# MTL eliquid ... What are the secrets to creating that "thick" rich desert flavour



## Intuthu Kagesi (30/11/20)

What are the secrets to creating that thick and rich MTL flavour that commercial desert flavours seem to share ... my eliquids by comparison are almost thin and watered down.
My flavour bias is towards deserts, with a splash of the ol' RY4

Reactions: Like 1


----------



## CJB85 (30/11/20)

Following this closely, because simply bumping up %'s on DL liquids and mixing at 50/50 doesn't seem to automatically translate into a good MTL liquid.
When you ask about % adjustments online, you get answers varying all the way from nothing, up to double the %...

Reactions: Like 2 | Agree 1


----------



## Intuthu Kagesi (30/11/20)

CJB85 said:


> Following this closely, because simply bumping up %'s on DL liquids and mixing at 50/50 doesn't seem to automatically translate into a good MTL liquid.
> When you ask about % adjustments online, you get answers varying all the way from nothing, up to double the %...

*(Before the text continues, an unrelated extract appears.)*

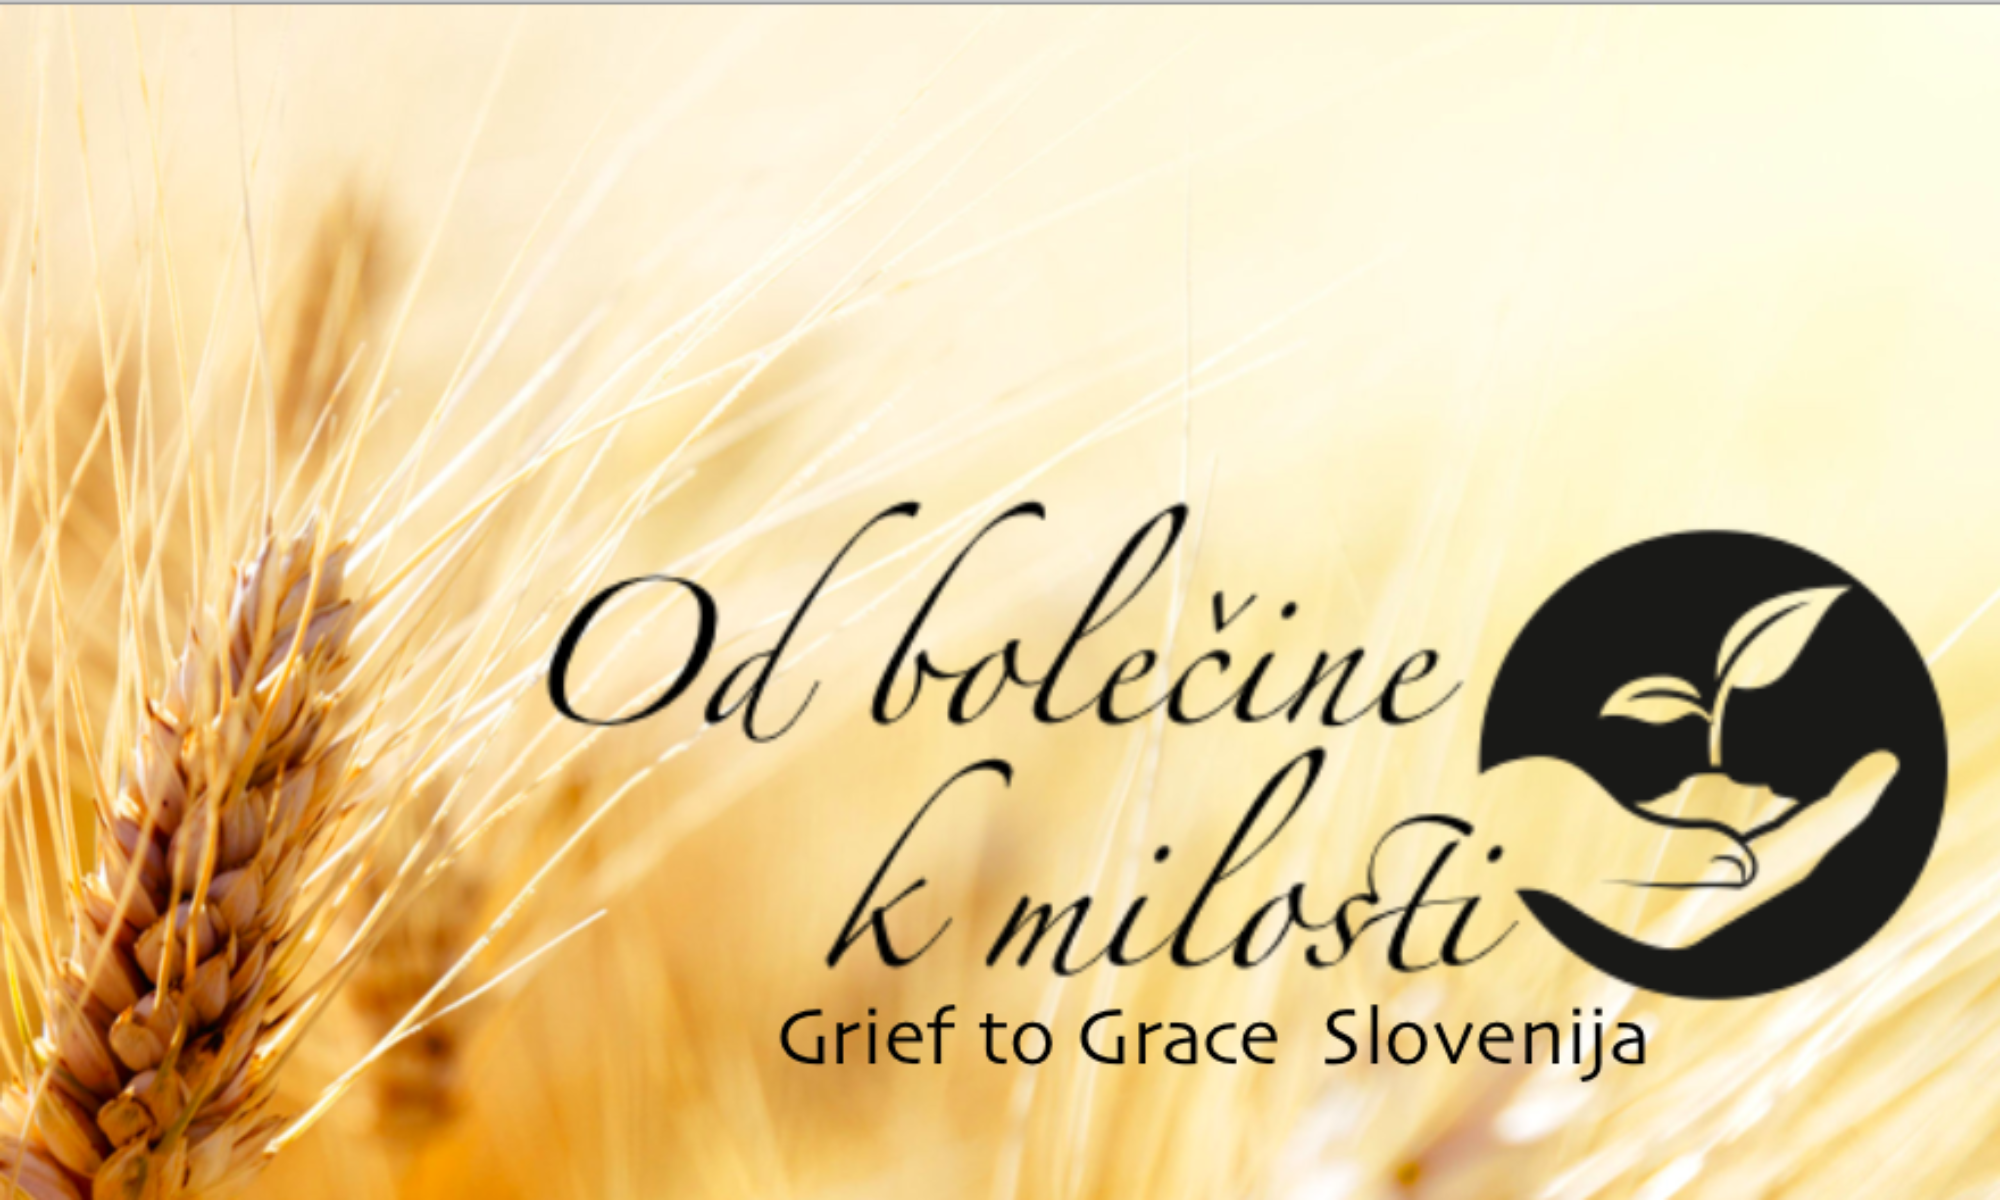 Od bolečine k milosti

Agreed CJB85 ... the advice received to date has been to simply? increase flavour between 10 and 20% moving from DL to MTL, and in my experience, it's still a 'thin' flavour

Reactions: Like 1 | Agree 1


----------



## Stranger (30/11/20)

I found when I started DIY, I forgot all about adjusting the VG/PG ratio to accommodate the PG flavorings. I was using pre made 70/30 pre mix 

I don't do tobacco's but I love my banana custards, also was a bit "thin" as you say. I found Meringue helped to thicken it out. I have also been trying a couple of "crusts". Graham cracker and cheesecake crust also seem to make the vape more dense. They both have a dominant flavour and you don't need much.

Reactions: Like 2 | Thanks 1


----------



## Puff the Magic Dragon (30/11/20)

You could try these from Wayne (DiyorDie)



I would advise you to go to his website where you can see his flavour notes for these and other recipes. 

https://diyordievaping.com/

I like many of his juices. My favourite is Obsidian which includes RY4. You can get his one-shots at BLCK or mix your own as he has kindly given us the recipes of some of the one-shots.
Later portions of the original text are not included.